**WORK TO COMPLETE:** Write out exactly what each line says, starting with the first line below and ending on the one with "Adidas raceschoen type".

----

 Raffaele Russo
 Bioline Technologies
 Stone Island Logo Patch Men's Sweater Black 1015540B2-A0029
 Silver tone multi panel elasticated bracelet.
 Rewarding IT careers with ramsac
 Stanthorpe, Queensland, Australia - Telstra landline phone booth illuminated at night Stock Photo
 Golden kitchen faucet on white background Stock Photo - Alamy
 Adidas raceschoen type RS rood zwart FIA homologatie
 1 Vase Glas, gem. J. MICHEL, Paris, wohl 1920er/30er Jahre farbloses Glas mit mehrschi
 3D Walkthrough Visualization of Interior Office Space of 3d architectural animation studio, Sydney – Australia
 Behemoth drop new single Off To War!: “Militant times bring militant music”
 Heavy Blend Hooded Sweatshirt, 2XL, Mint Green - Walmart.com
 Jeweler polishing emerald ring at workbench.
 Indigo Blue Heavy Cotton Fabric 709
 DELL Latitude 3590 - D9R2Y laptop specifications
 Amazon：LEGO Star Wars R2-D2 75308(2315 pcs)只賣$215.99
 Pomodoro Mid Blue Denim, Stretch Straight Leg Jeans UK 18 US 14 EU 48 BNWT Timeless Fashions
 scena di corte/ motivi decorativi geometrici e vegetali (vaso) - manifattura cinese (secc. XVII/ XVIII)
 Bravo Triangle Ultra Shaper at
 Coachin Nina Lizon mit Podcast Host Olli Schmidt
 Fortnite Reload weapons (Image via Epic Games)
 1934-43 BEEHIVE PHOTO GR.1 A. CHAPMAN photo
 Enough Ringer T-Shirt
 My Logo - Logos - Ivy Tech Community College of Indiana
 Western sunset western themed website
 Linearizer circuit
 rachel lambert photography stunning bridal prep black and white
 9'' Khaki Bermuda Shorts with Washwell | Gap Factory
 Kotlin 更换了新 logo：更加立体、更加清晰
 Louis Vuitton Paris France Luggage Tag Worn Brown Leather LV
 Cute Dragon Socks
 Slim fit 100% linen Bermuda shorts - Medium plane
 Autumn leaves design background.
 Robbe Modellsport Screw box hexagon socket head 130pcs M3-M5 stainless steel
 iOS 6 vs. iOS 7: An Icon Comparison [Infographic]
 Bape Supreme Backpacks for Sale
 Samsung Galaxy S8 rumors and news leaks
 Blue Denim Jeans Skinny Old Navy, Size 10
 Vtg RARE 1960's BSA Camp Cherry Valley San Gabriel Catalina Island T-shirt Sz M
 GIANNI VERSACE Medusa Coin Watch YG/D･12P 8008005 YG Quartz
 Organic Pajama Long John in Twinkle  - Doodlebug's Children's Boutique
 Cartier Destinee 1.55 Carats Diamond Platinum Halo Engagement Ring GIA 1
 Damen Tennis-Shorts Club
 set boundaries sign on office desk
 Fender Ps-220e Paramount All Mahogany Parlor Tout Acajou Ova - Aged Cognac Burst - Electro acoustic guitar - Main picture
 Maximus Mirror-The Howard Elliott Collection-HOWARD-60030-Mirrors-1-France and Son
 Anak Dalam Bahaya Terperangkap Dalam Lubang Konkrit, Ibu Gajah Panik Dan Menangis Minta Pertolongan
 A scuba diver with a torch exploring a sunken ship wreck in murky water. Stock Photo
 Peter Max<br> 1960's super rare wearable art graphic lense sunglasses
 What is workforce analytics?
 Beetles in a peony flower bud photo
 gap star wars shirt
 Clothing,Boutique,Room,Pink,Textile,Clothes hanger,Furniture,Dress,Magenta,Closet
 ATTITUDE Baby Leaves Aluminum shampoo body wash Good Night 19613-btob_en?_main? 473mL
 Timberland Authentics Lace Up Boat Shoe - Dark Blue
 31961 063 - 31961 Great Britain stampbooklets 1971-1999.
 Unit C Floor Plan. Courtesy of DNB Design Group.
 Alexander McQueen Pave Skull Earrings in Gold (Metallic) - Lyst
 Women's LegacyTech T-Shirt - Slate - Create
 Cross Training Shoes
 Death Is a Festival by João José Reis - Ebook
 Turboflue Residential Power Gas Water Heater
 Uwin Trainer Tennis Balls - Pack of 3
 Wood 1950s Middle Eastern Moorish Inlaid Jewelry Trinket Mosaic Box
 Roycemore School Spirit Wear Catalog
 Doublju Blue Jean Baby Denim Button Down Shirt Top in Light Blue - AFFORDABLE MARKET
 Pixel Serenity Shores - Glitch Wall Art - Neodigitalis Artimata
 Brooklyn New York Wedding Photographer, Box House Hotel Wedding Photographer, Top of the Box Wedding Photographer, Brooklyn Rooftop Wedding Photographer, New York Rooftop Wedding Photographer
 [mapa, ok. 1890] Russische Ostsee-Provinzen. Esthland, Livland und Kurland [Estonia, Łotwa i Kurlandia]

----

**RESPONSE:**
 Raffaele Russo
 Bioline Technologies
 Stone Island Logo Patch Men's Sweater Black 1015540B2-A0029
 Silver tone multi panel elasticated bracelet.
 Rewarding IT careers with ramsac
 Stanthorpe, Queensland, Australia - Telstra landline phone booth illuminated at night Stock Photo
 Golden kitchen faucet on white background Stock Photo - Alamy
 Adidas raceschoen type RS rood zwart FIA homologatie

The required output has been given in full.